Development of ascorbate transporters in brain cortical capillary endothelial cells in culture

Abstract

Ascorbic acid in its reduced form is not transported across the capillary endothelial cell blood-brain barrier. This is thought to be due to absence of the SVCT2, a specific transporter for ascorbate. To assess this directly we prepared primary cultures of mouse cortical microvascular endothelial cells. When still in the capillaries, these cells did not express the SVCT2 protein as assessed by immunocytochemistry and by immunoblotting. However, during several days in culture, they developed SVCT2 expression and showed ascorbate transport rates comparable to those in immortalized endothelial cell lines. SVCT2 expression was inversely proportional to cell density, was enhanced by culture at low physiologic plasma ascorbate concentrations, was inhibited by ascorbate concentrations expected in the brain interstitium, and was stimulated by cobalt ions. Expression of the SVCT2 was associated with ascorbate-dependent maturation and release of type IV collagen by the cells in culture. Although the SVCT2 is induced by culture of cortical capillary endothelial cells, its absence in vivo remains perplexing, given the need for intracellular ascorbate to facilitate type IV collagen maturation and release by endothelial cells.

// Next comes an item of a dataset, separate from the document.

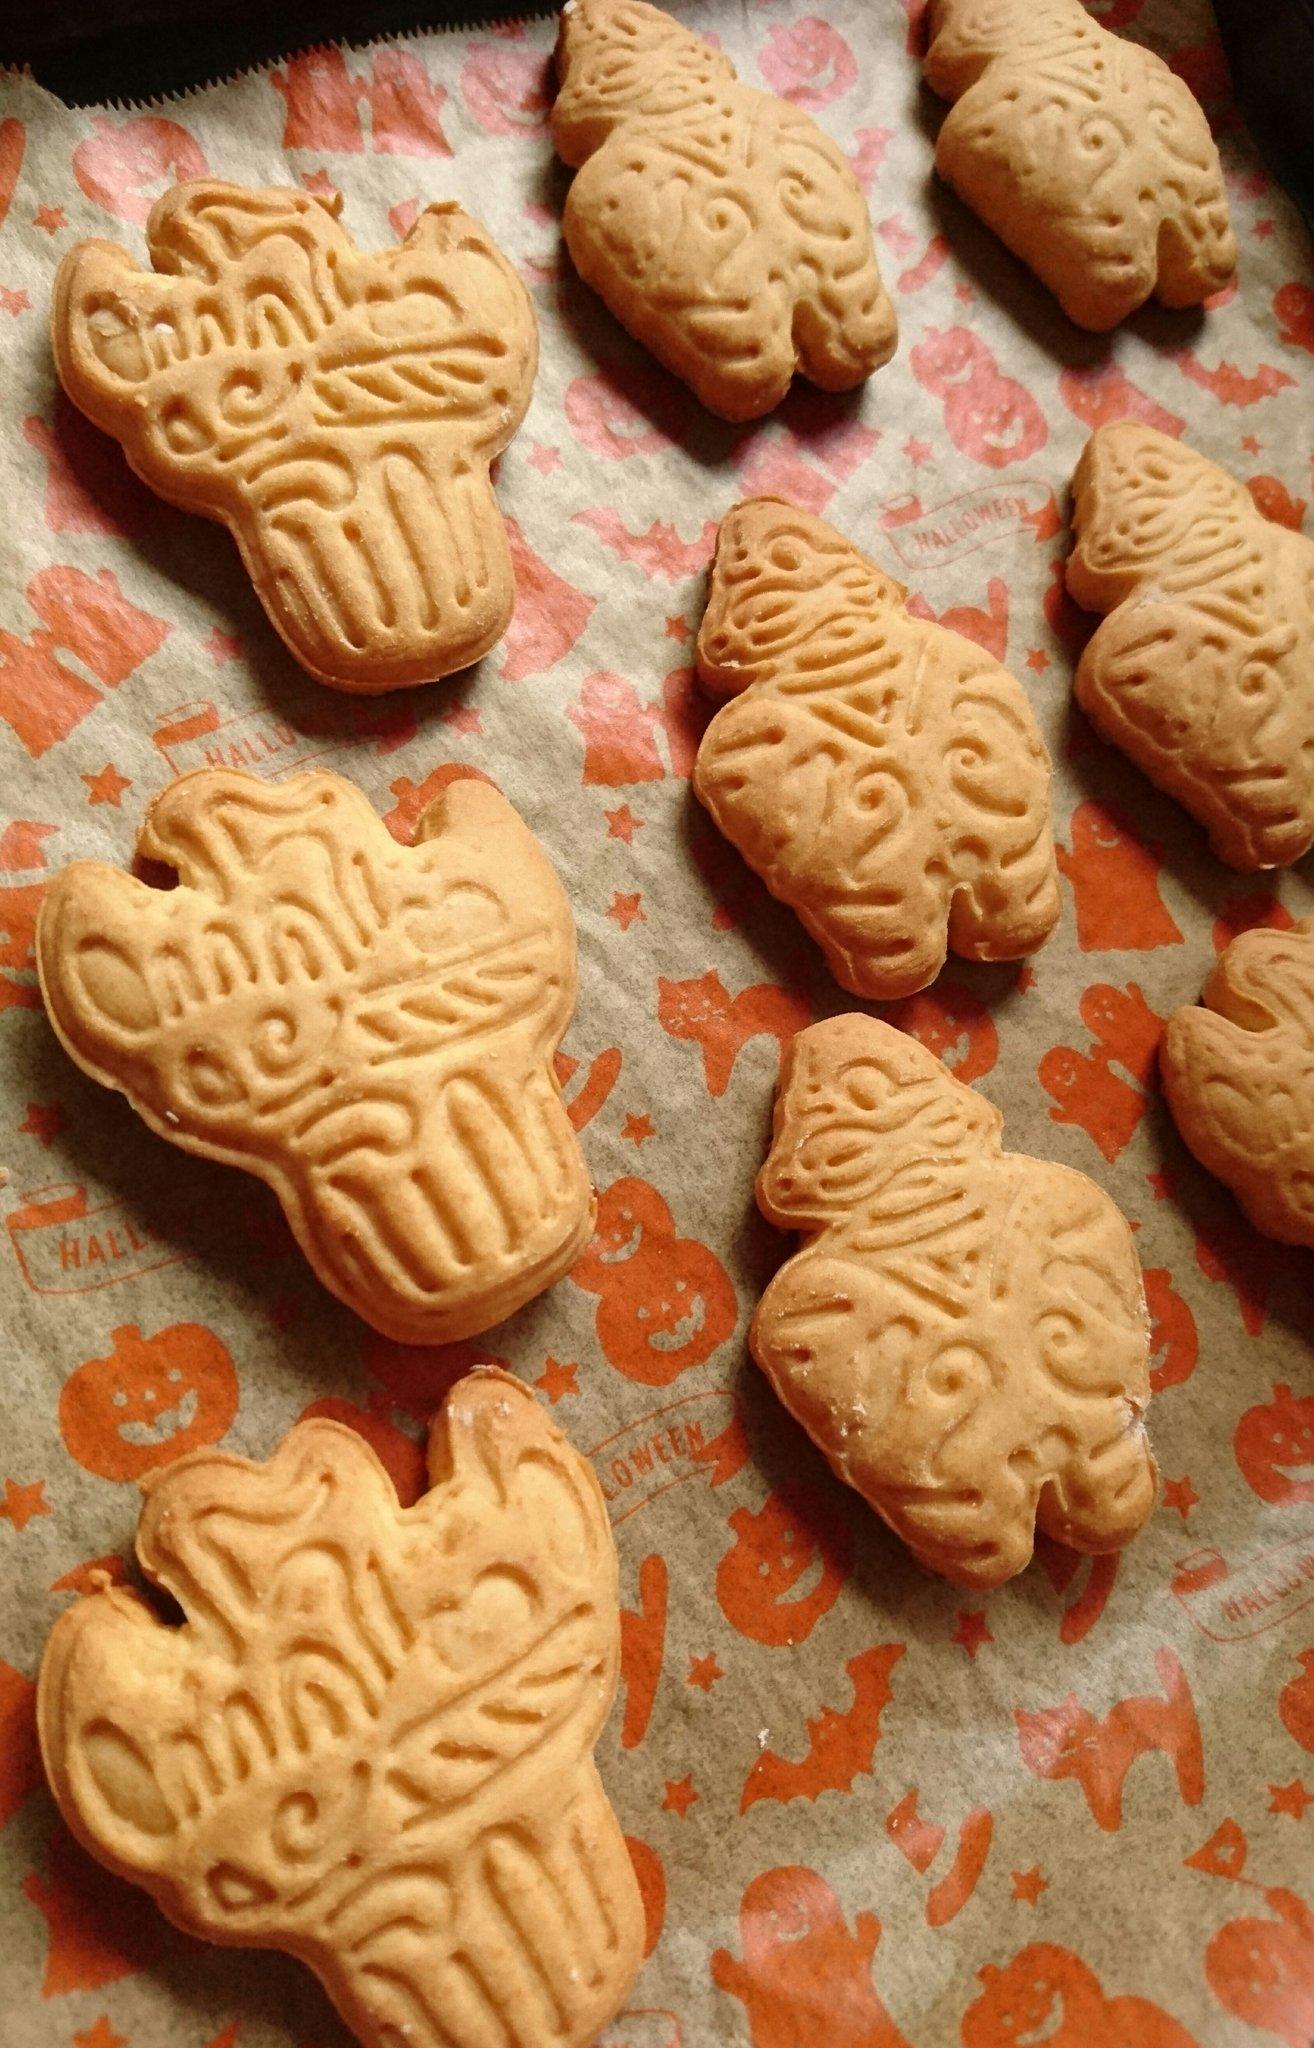 この間買ったクッキー型で縄文土器クッキー焼いたのだけどこれカワイイ……火焔型土器と遮光器土偶~😊😊<br>割れてもそれはそれで、それっぽい。
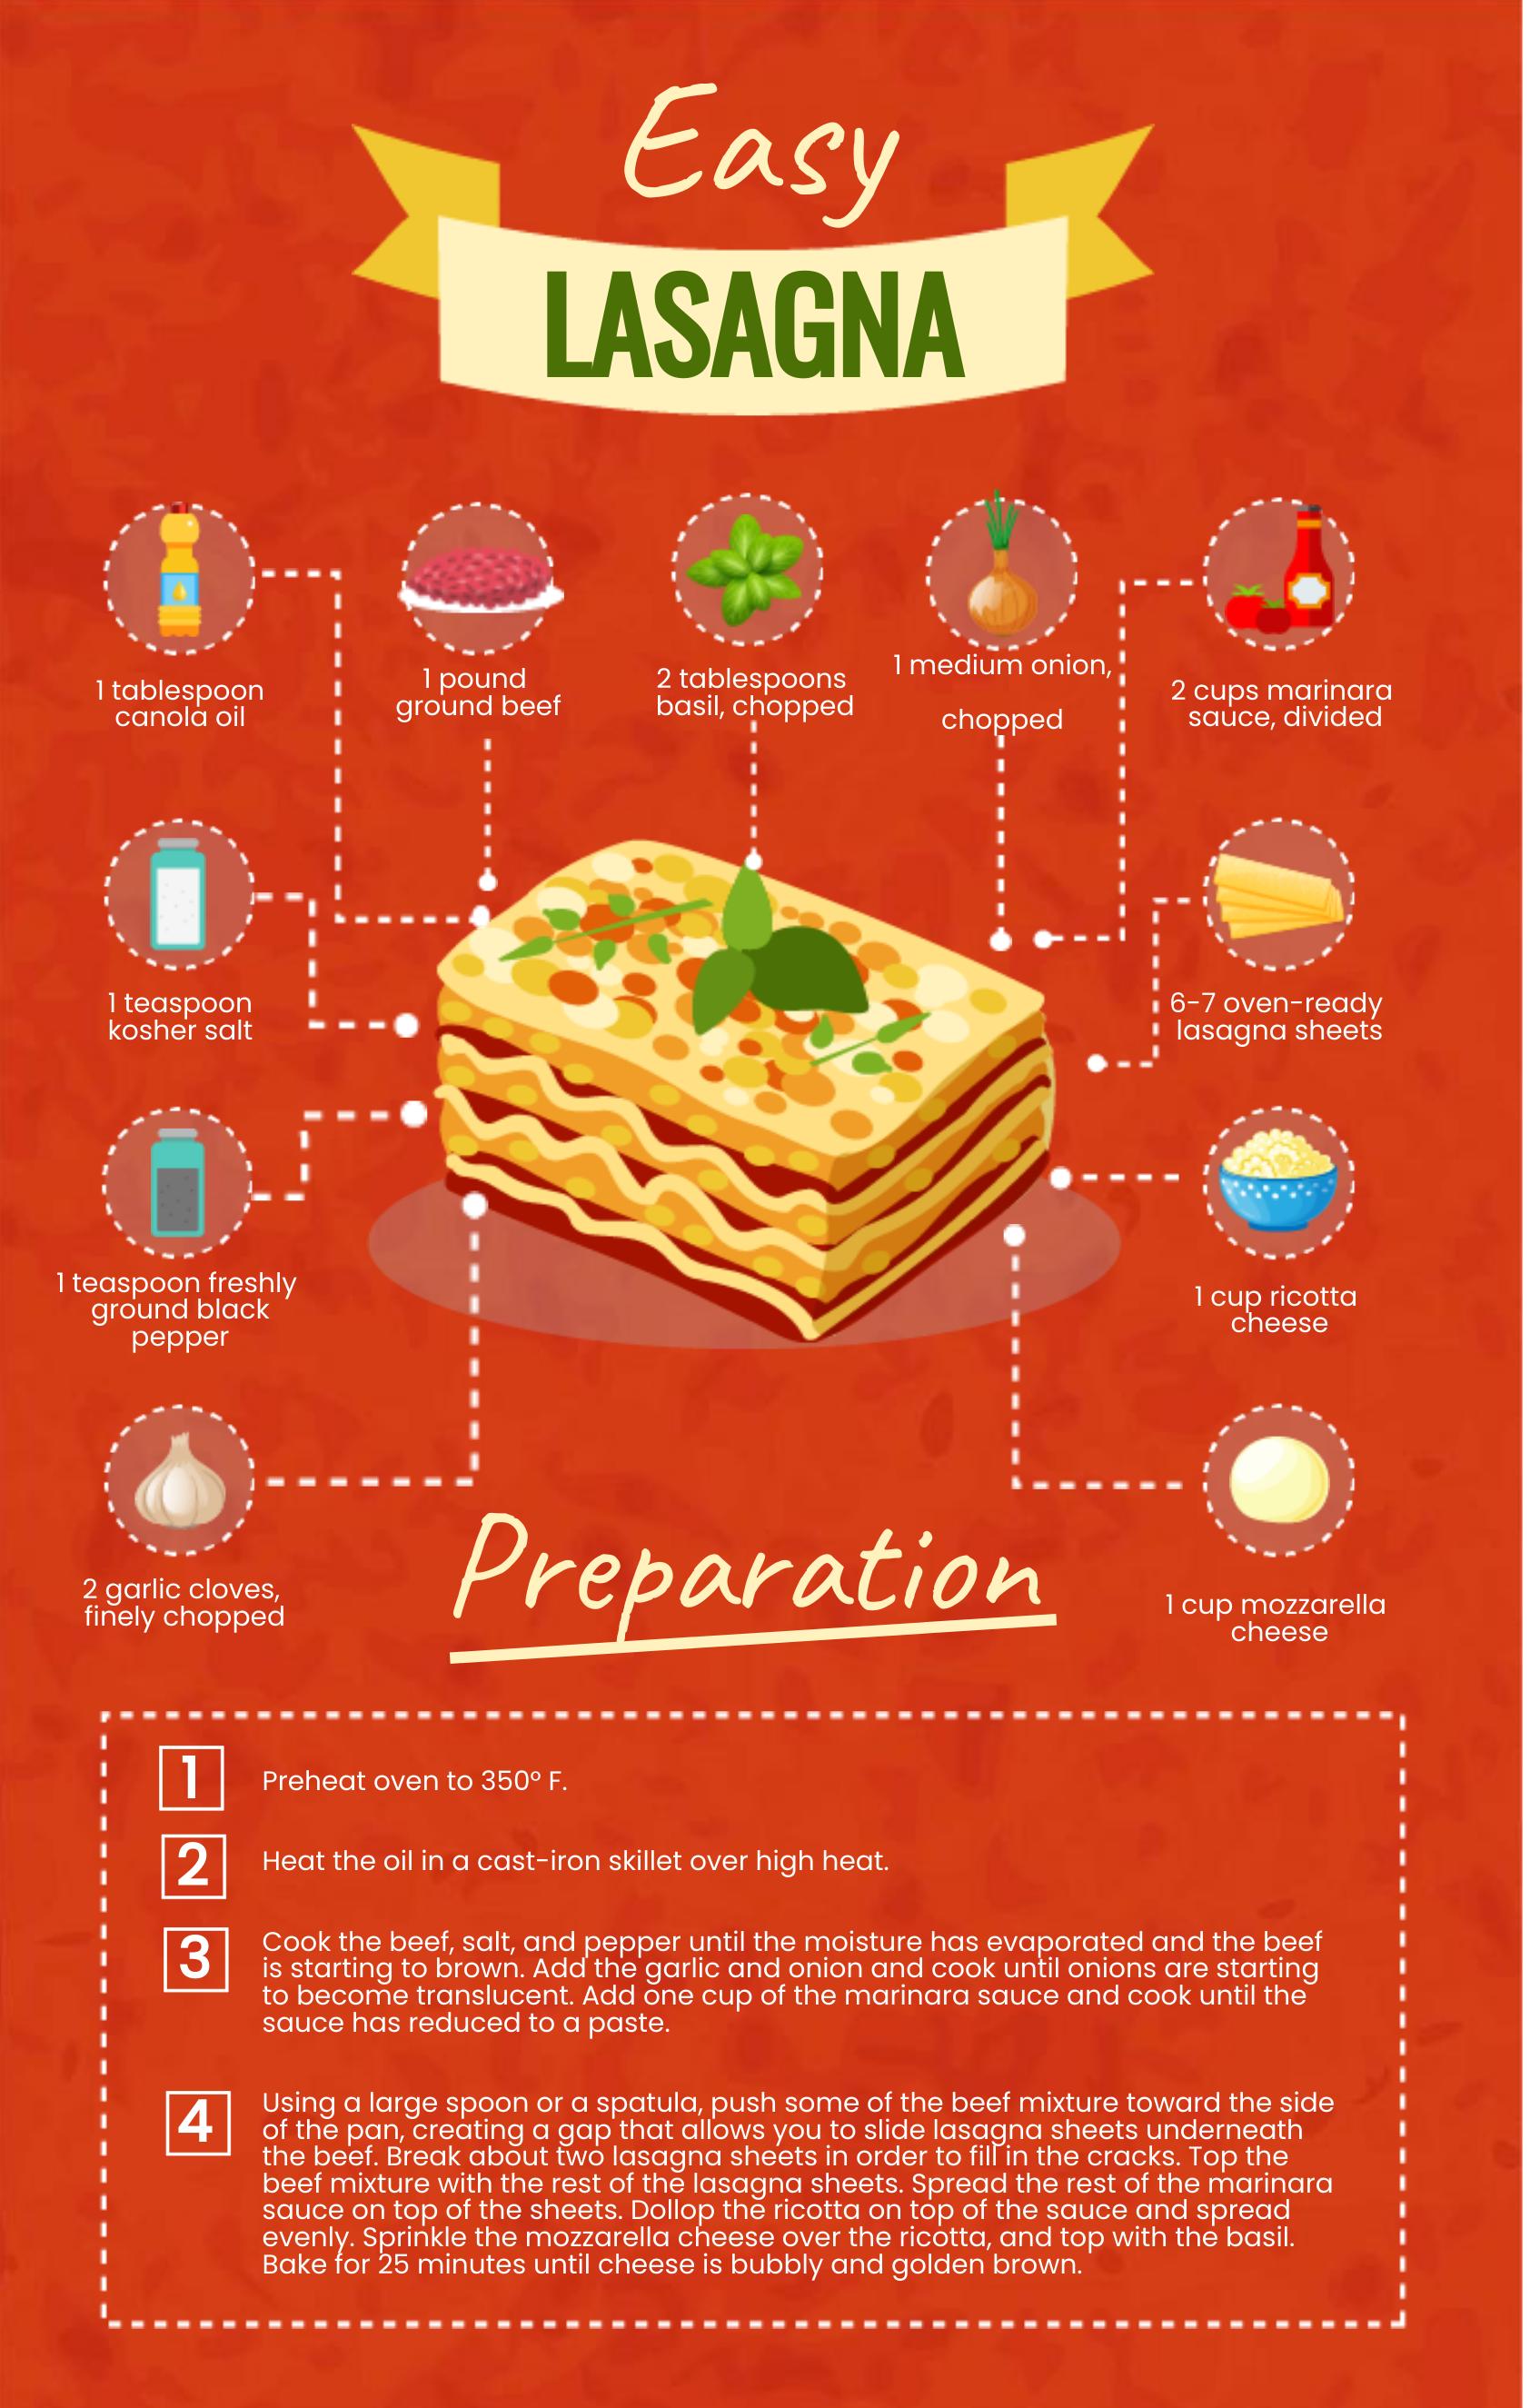 recipe infographic for lasagna.

Fig. 1. Absence of the SVCT2 protein in brain microcapillaries

Panel A: Immunostaining. Freshly isolated cortical microcapillaries were immunostained for von Willebrand factor in the left image, and for the SVCT2 in the right image. Arrowheads point to the endothelial cell-lined capillaries. Panel B: Immunoblotting. Rinsed, concentrated cortical capillary vessels were blotted for the SVCT2 at day zero (0d) and day 7 (7d) in culture. The location of the SVCT2 as a 75 kDa band on electrophoresis is noted.

Fig. 2. Time-dependent appearance of the SVCT2 in CCECs in culture

Immunostaining of the SVCT2 in cells cultured for various times (upper panel). Actin staining of the capillary endothelial cell cultures shown in Panel A to confirm that similar protein amounts were loaded in each lane (lower panel).

Fig. 3. Appearance of specific ascorbate transport in CCECs in culture

Panel A. Time-dependent ascorbate transport measurements in CCECs (PC) and in two immortalized endothelial cell lines, EA.hy926 and bEND.3. Panel B: Specificity of ascorbate transport in brain primary culture endothelial cells not treated with an agent (-), treated with the concentration of dimethylsulfoxide required to dissolve the two inhibitors (DMSO), and treated with either 1 mM sulfinpyrazone (SPZ) or 100 µM phloretin just before the transport assay. Results are corrected for cell number and are representative of 3 such experiments performed.

Fig. 4. Inhibition of SVCT2 protein expression at with culture of CCECs at high cell densities

CCECs were cultured at the same plating density in different sized wells for 7 days, followed by protein extraction for immunoblotting of the SVCT2. Panel A shows a representative immunoblot, below which is β-actin expression in the same gel shown to confirm equal loading of protein in the gel lanes. Panel B is a densitometric analysis of 4 experiments performed, with an asterisk (*) indicating p < 0.05.

Fig. 5. Dependence of SVCT2 expression on medium ascorbate concentrations in CCECs

Cells were cultured for 7 days supplemented with the ascorbate concentrations noted before they were taken for gel electrophoresis and immunoblotting. Panel A shows a representative immunoblot and Panel B shows the densitometric readings of 3 immunoblots with fractional densities normalized to actin noted above each bar. An asterisk (*) indicates p < 0.05 compared to the sample treated with 25 mM ascorbate (N = 4 experiments).

Fig. 6. Induction of SVCT2 by cobalt chloride is independent of HIF

Panel A: Effect of cobalt exposure on SVCT2 expression. Primary endothelial cells (PC) were cultured for 5 days, and exposed to 250 µM cobalt alone or in combination with 400 µM ascorbate for additional 2 days. Confluent EA.hy926 cells (EA) were used as positive controls for HIF expression. The protein extracts were subjected to immunoblot analysis using SVCT2-specific antibody. Panel B: Expression level of HIF-α in cobalt treated CCECs. The cells were cultured as described above, and the whole-cell extracts were analyzed by immunoblot analysis using HIF-1α- or HIF-2α-specifc antibodies. Panel C: Early time course of cobalt (250 µM) on HIF-1α protein expression in EA.hy926 cells and in primary culture cells. The bottom panel in all the gels shows β-actin expression to confirm equal loading of protein in the gel lanes.

Fig. 7. Generation of type IV collagen in cultured endothelial cells

EA.hy926 endothelial cells (EA, lane 1) in culture were used as a control for generation of type IV collagen sub-types. CCECs (PC) at 7 days in culture were treated overnight without or with ascorbate as indicated. Both cells and medium were taken for immunoblotting of type IV collagen. Collagen sub-types are identified based on their relative migration in the gels.